Cine, Espectáculos

Adiós a un autor

Murió Bertrand Tavernier, otro apasionado maestro del cine francés de filosa mirada social

El prestigioso cineasta galo, autor de joyas como “Capitán Conan”, un descarnado relato antibelicista y “Alrededor de medianoche” una oda al jazz y a parte de sus mejores cultores, entre una treintena de otros títulos, y agudo crítico de las acciones de gobierno de su país, falleció a los 79 años


Otro gran maestro del cine francés, de filosa mirada social y comprometida con los infortunios de este mundo arrasado, Bertrand Tavernier, falleció a los 79 años en Saint-Maxime, en la región de Provenza. Tavernier hizo films inolvidables, de enorme valor estético y con no menos agudeza argumental, lo que le permitió ganarse un lugar entre la generación precedente, la de la Nouvelle Vague –algunos realizadores le llevaban poco más de una década–, algunos de cuyos miembros más prominentes halagaron la eficacia artística de su colega –Godard, Chabrol, Varda entre ellos–.
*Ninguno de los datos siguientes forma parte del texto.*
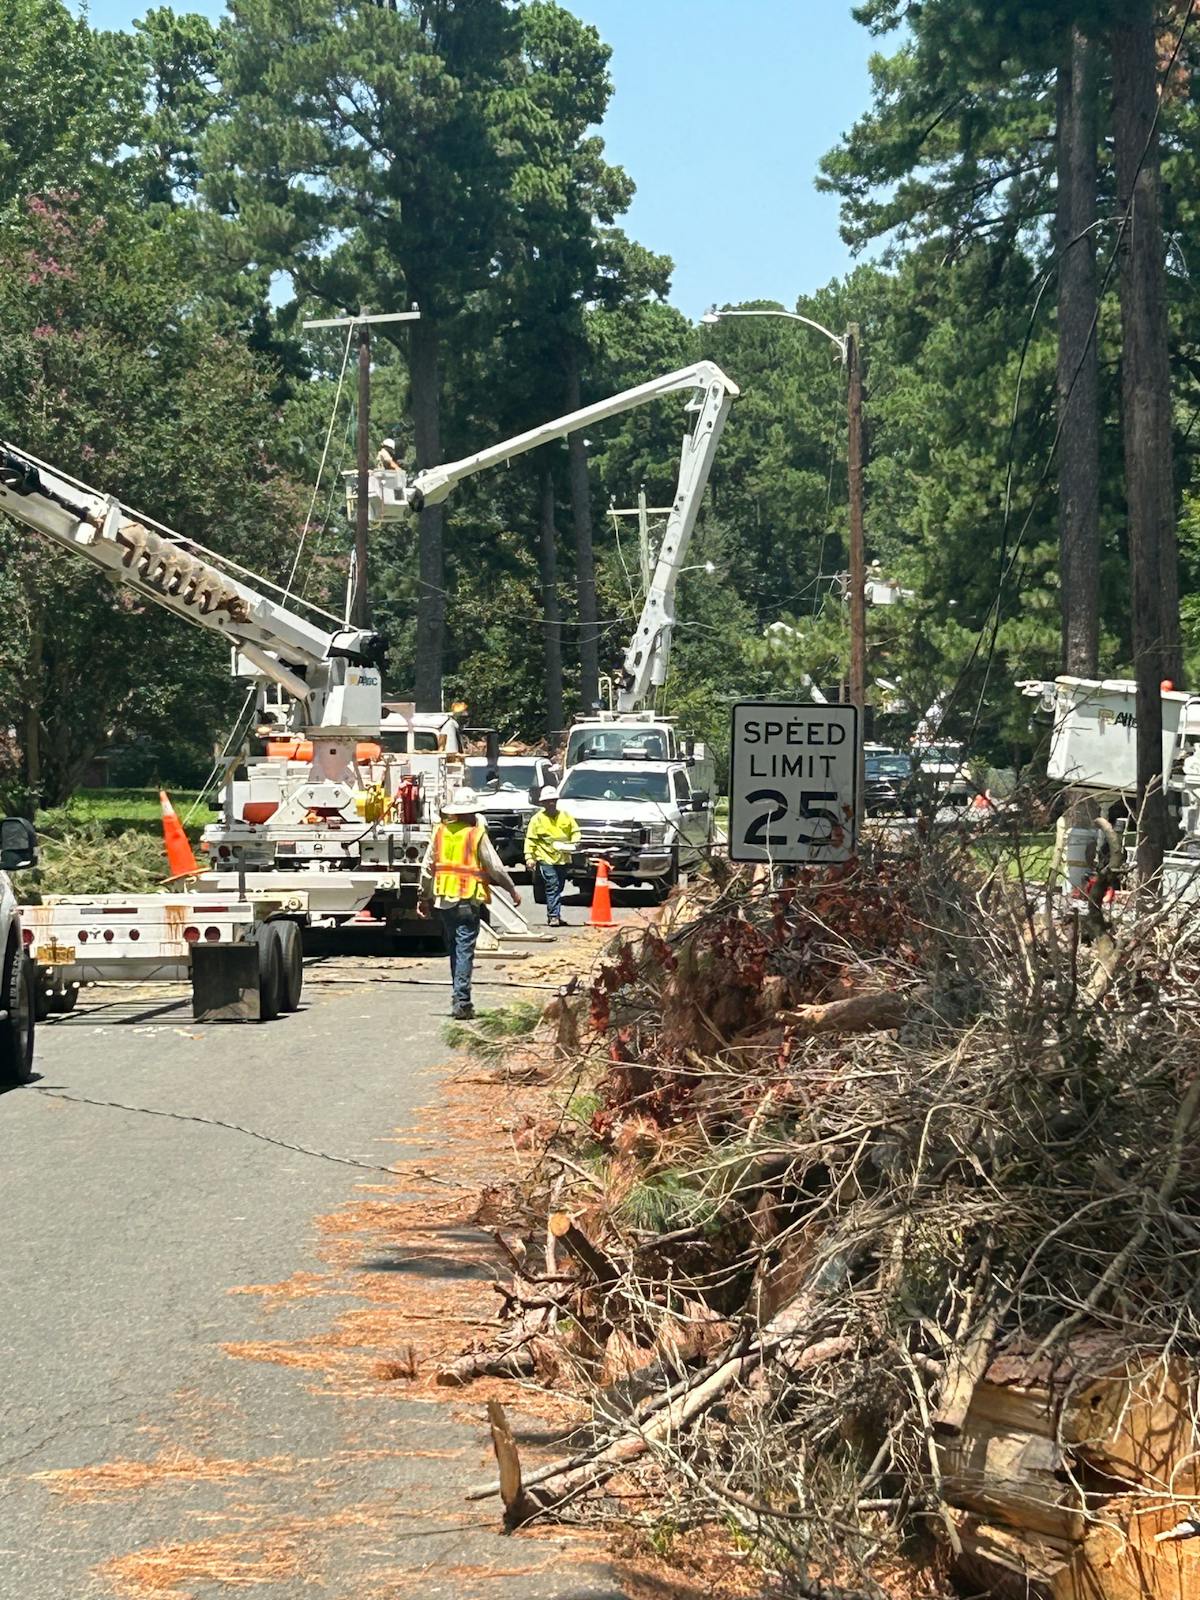 As of July 17, SWEPCO crews continued to work to restore power to the approximately 9,000 customers without electricity in Louisiana following the recent storm.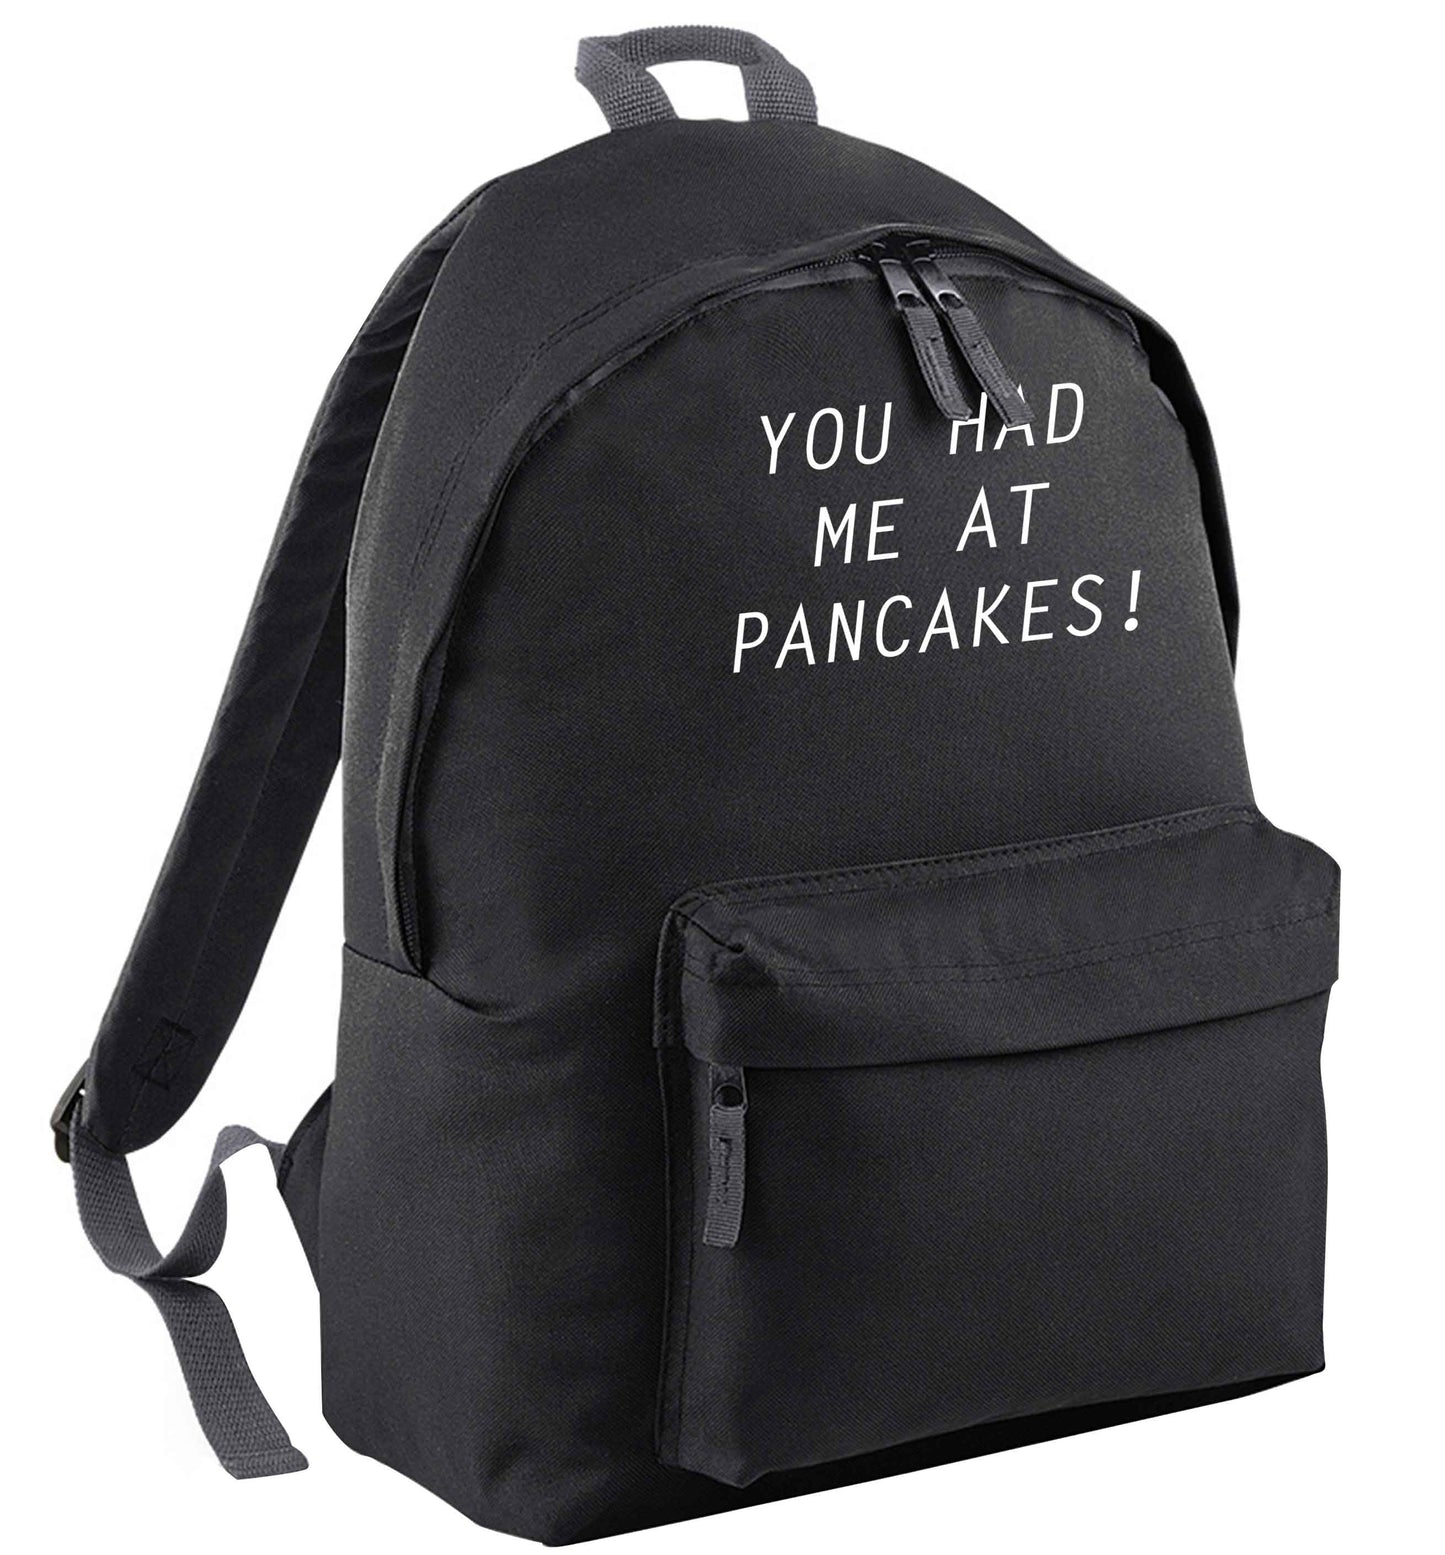 You had me at pancakes | Children's backpack

Tavernier surgió junto a directores como André Téchiné y Jacques Doillon –para nombrar dos de los más reconocidos de esa camada– pero tuvo su propio derrotero y la mayoría de sus realizaciones brillan con una singular voz propia, sobre todo por las temáticas elegidas y su forma de abordarlas.

Podría decirse con justeza que aquellas cosas que merecían tener una buena película para poner en evidencia su existencia, sus bondades o sus miserias, ahí, Tavernier contaba una historia con aguda y sutil mirada.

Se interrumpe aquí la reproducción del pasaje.